WHAT THE EXERCISE ASKS:
What you return must be the full listing, word for word, with no images in it.

DATASET EXCERPT:
□ □ □ □

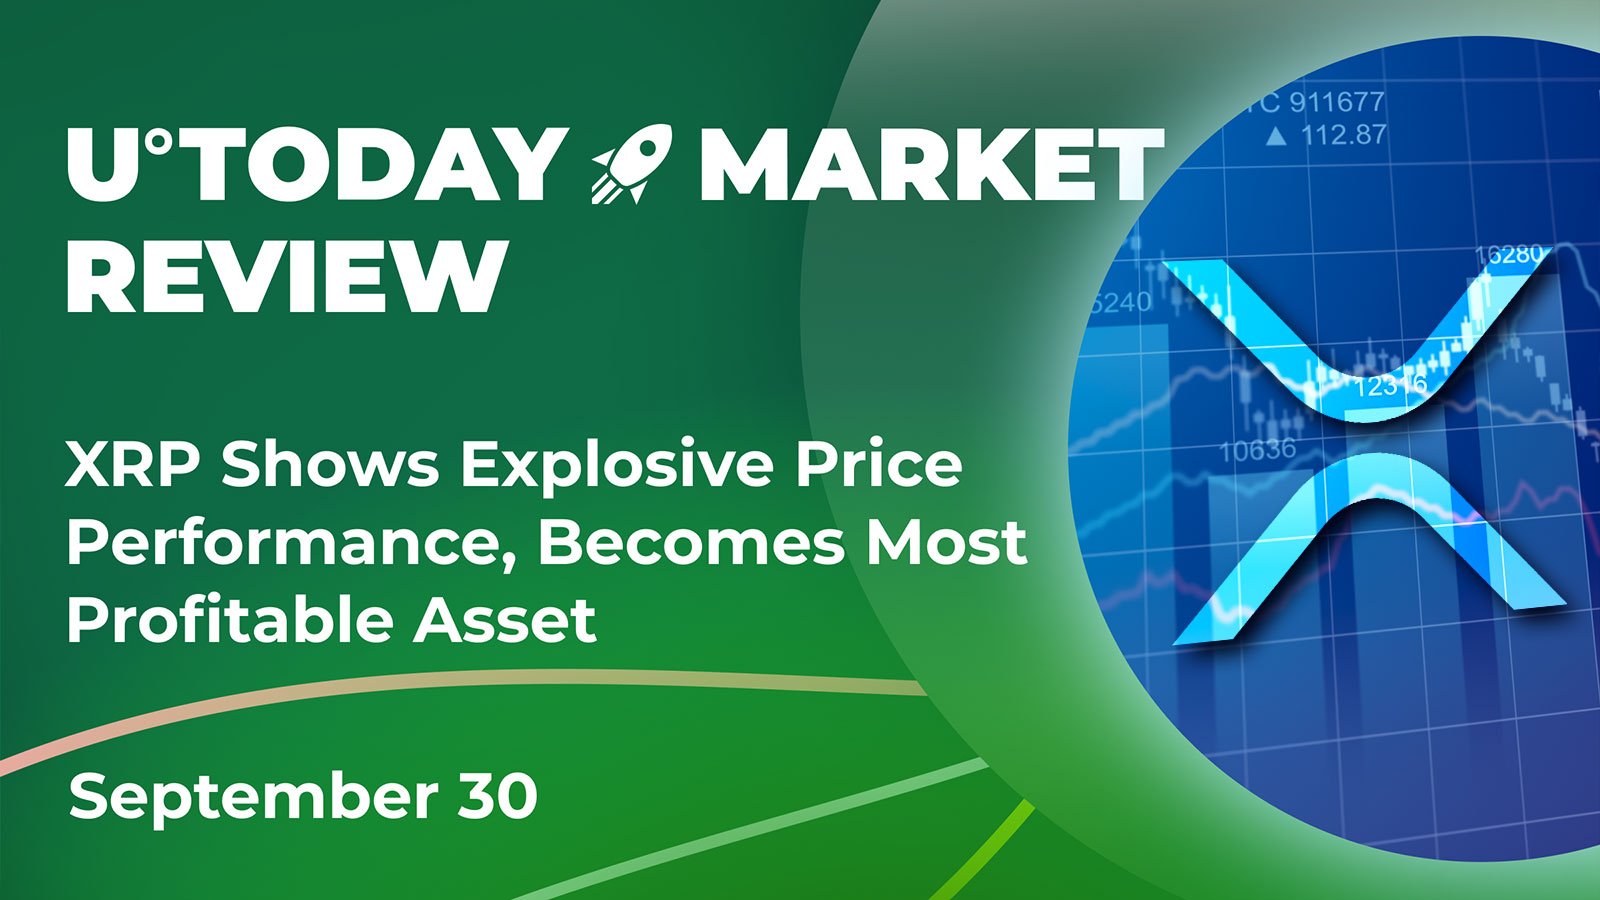 XRP Shows Explosive Price Performance, Becomes Most Profitable Asset: Crypto Market Review, September 30
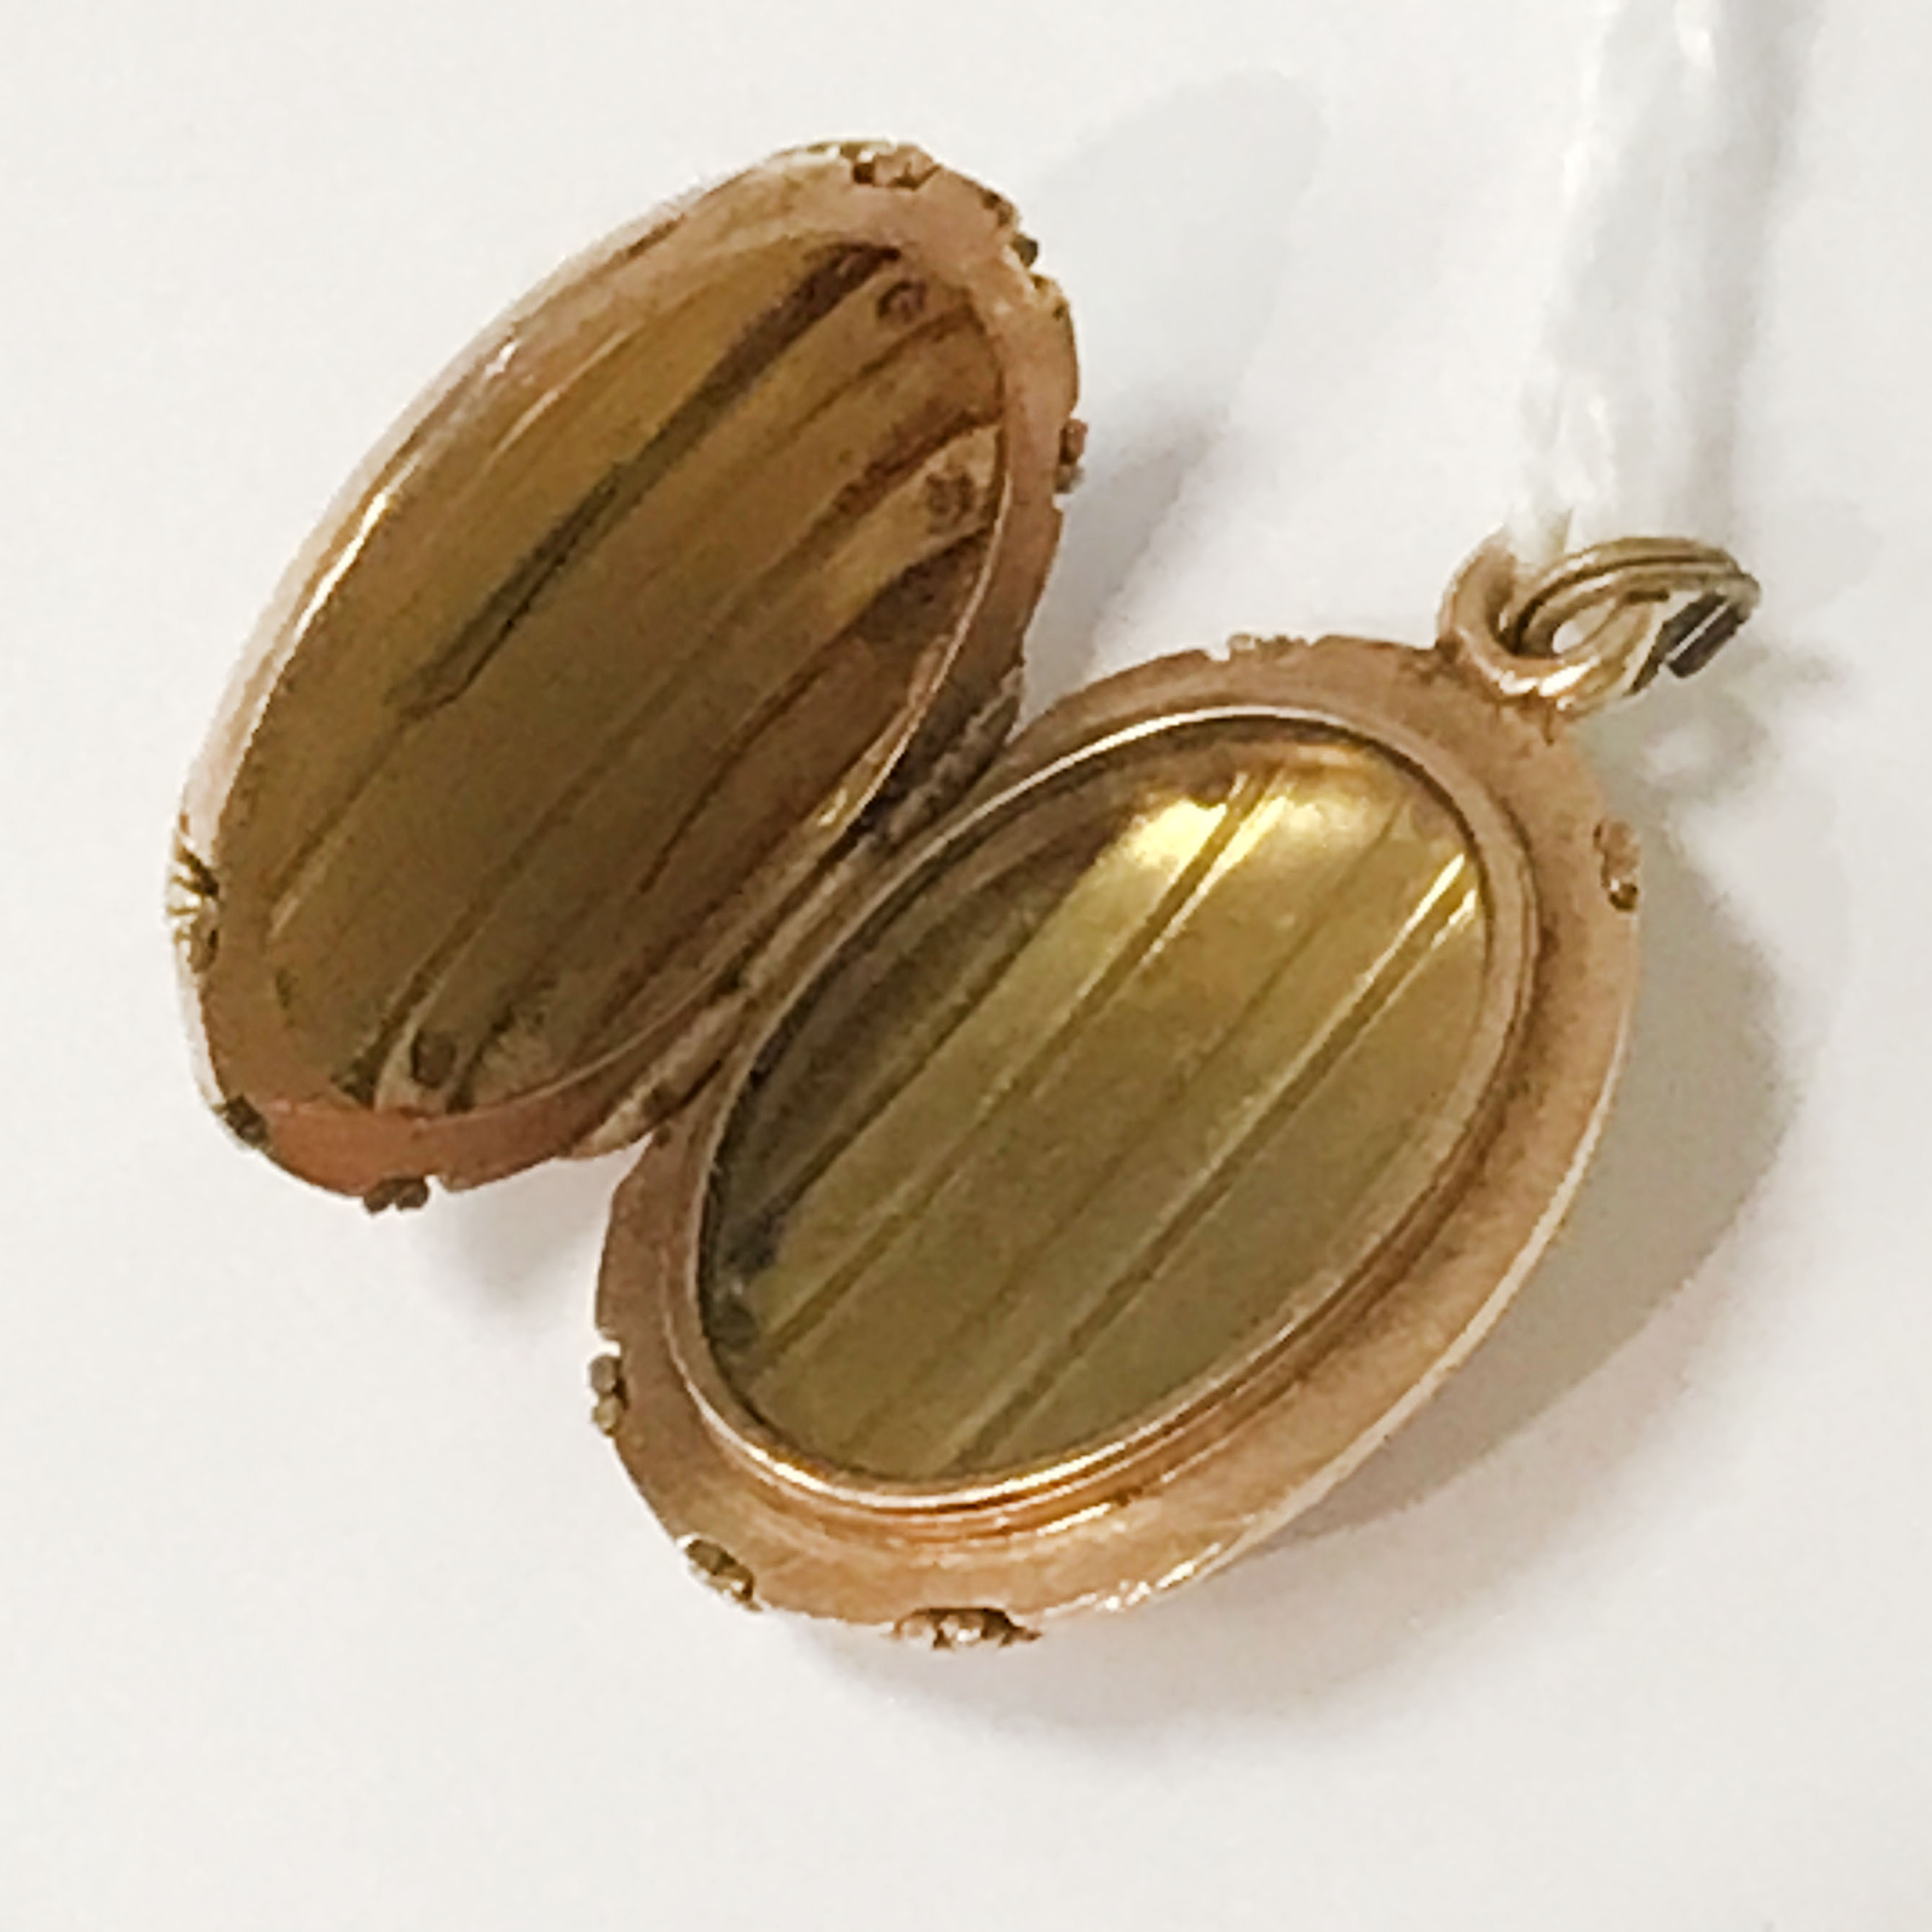 HIGH CARAT GOLD LOCKET - POSSIBLY 18CT - 10.5 grams - Image 3 of 3
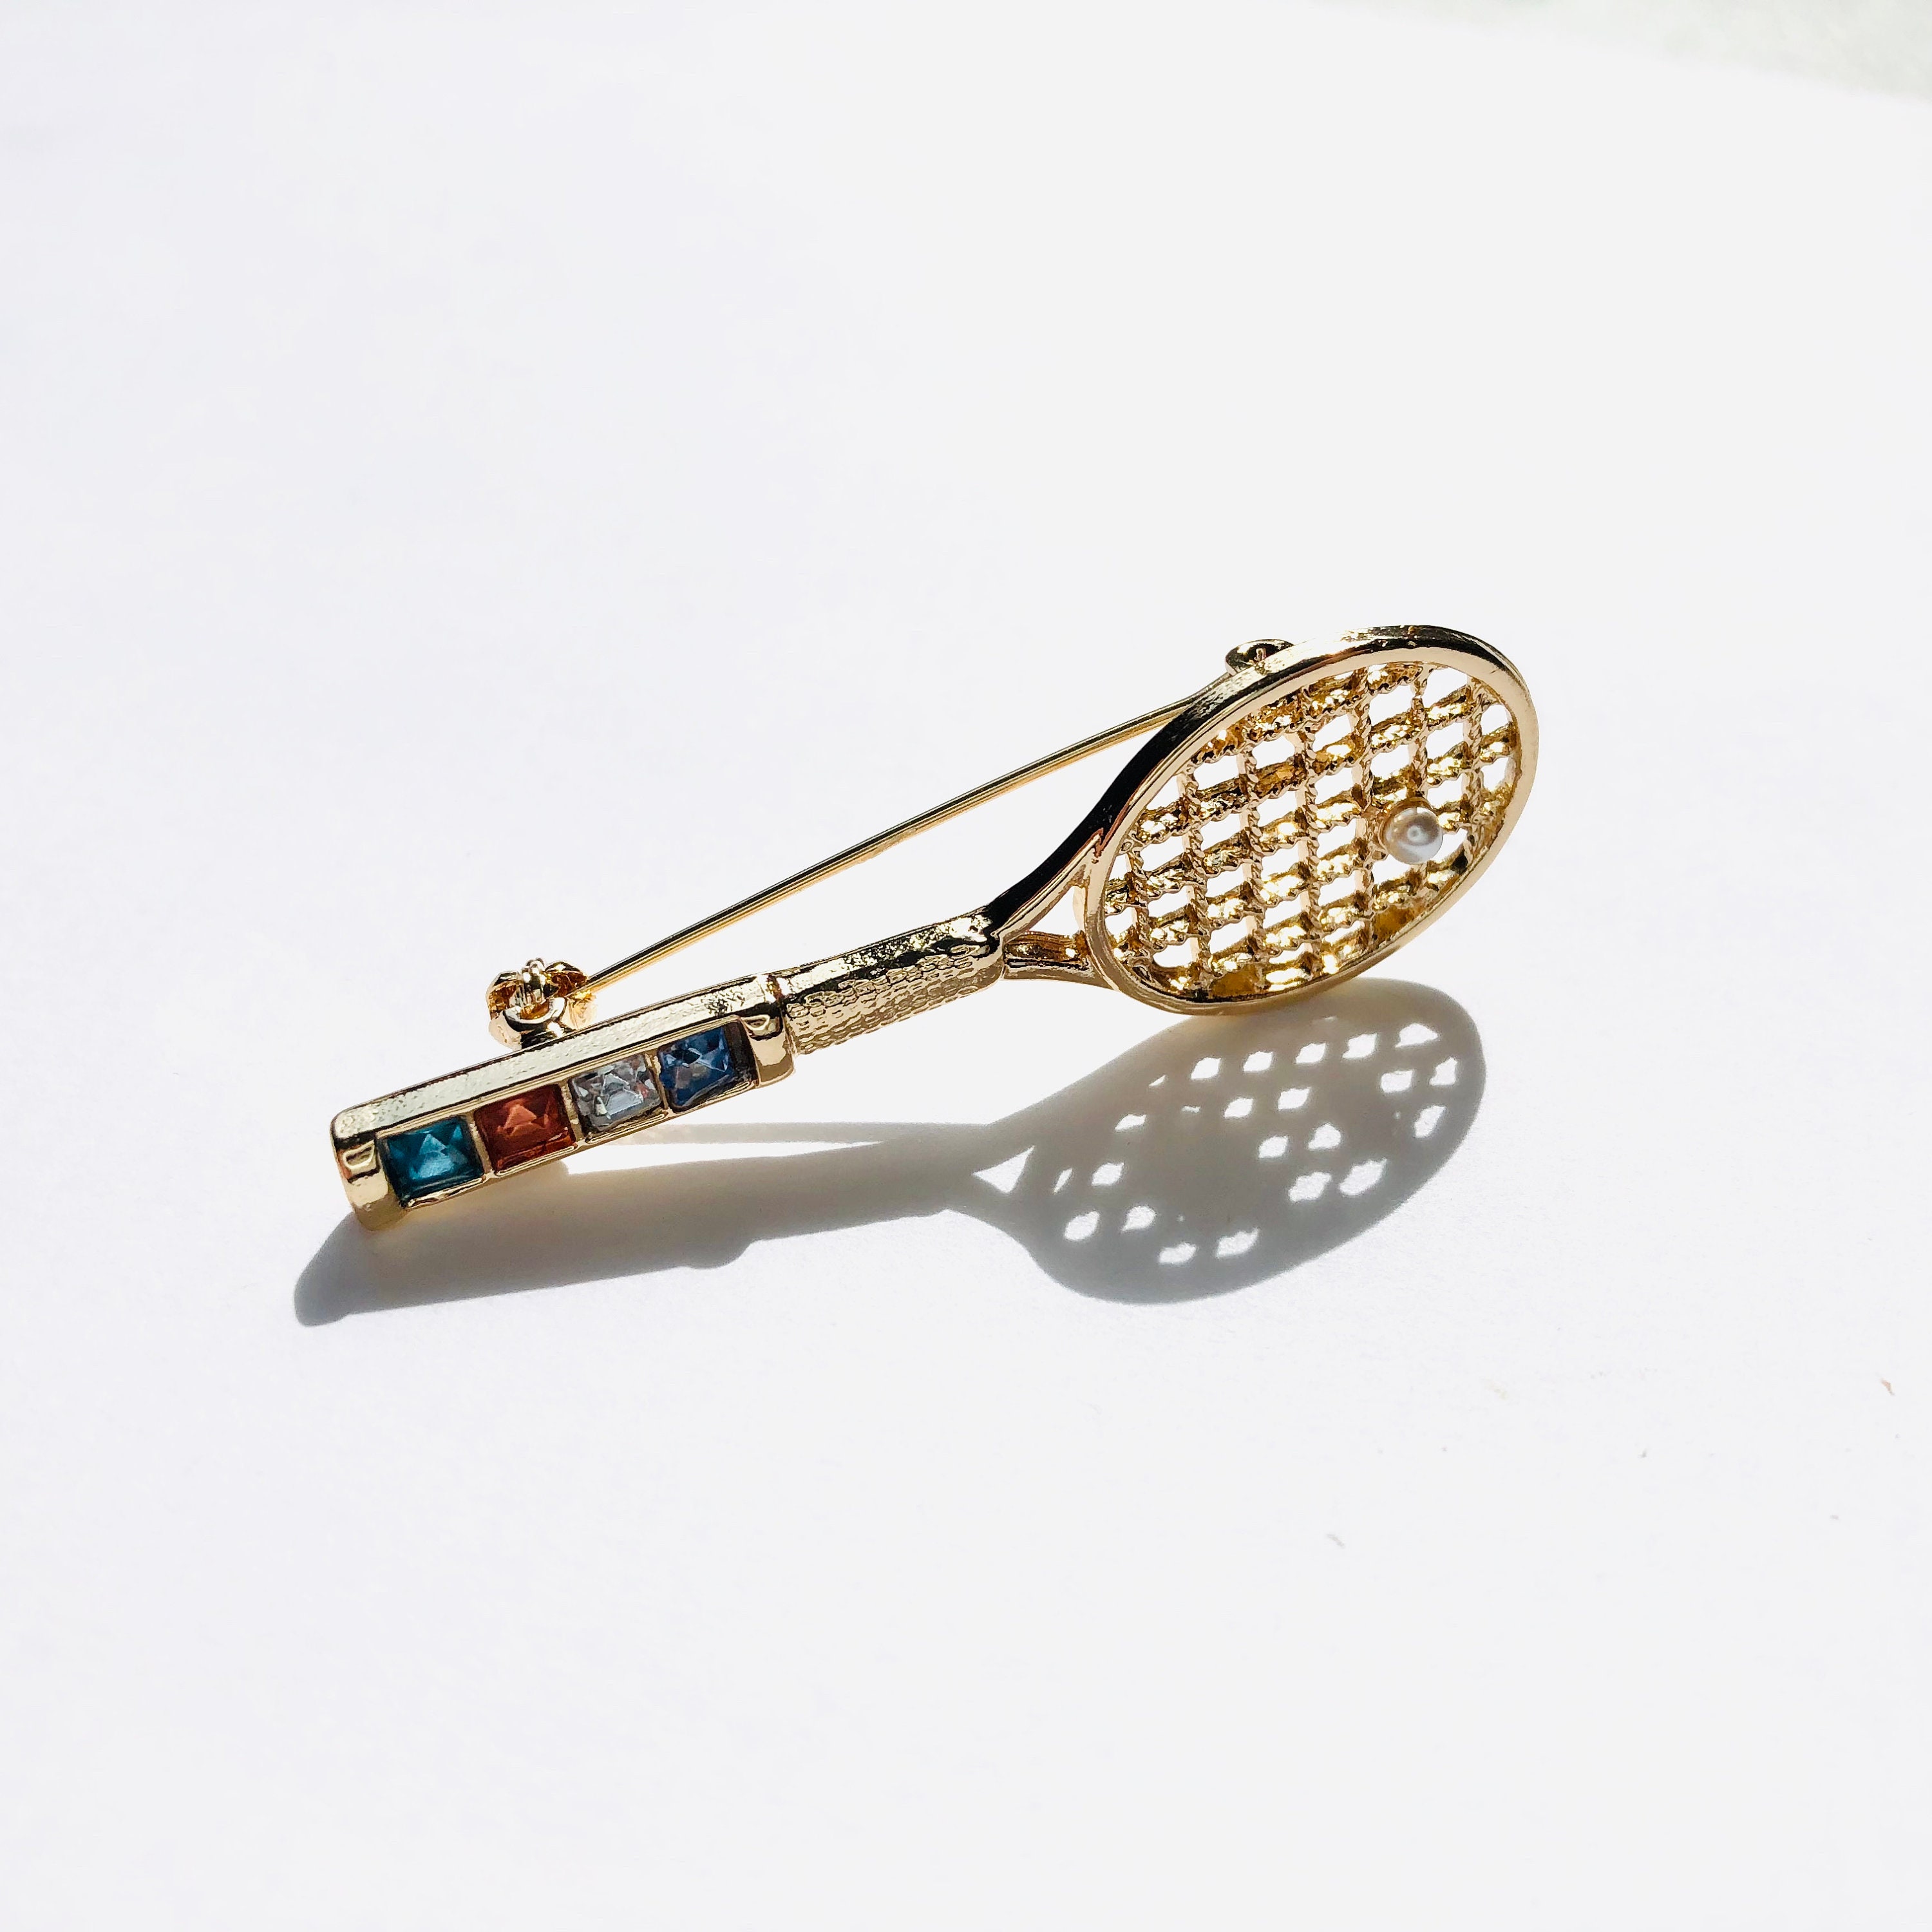 Gold-tone Hollow Out Rhinestone Crystal Tennis Racket Faux - Etsy

□ □ □ □

WRITTEN REPLY:
 XRP Shows Explosive Price Performance, Becomes Most Profitable Asset: Crypto Market Review, September 30
 HIGH CARAT GOLD LOCKET - POSSIBLY 18CT - 10.5 grams - Image 3 of 3
 Gold-tone Hollow Out Rhinestone Crystal Tennis Racket Faux - Etsy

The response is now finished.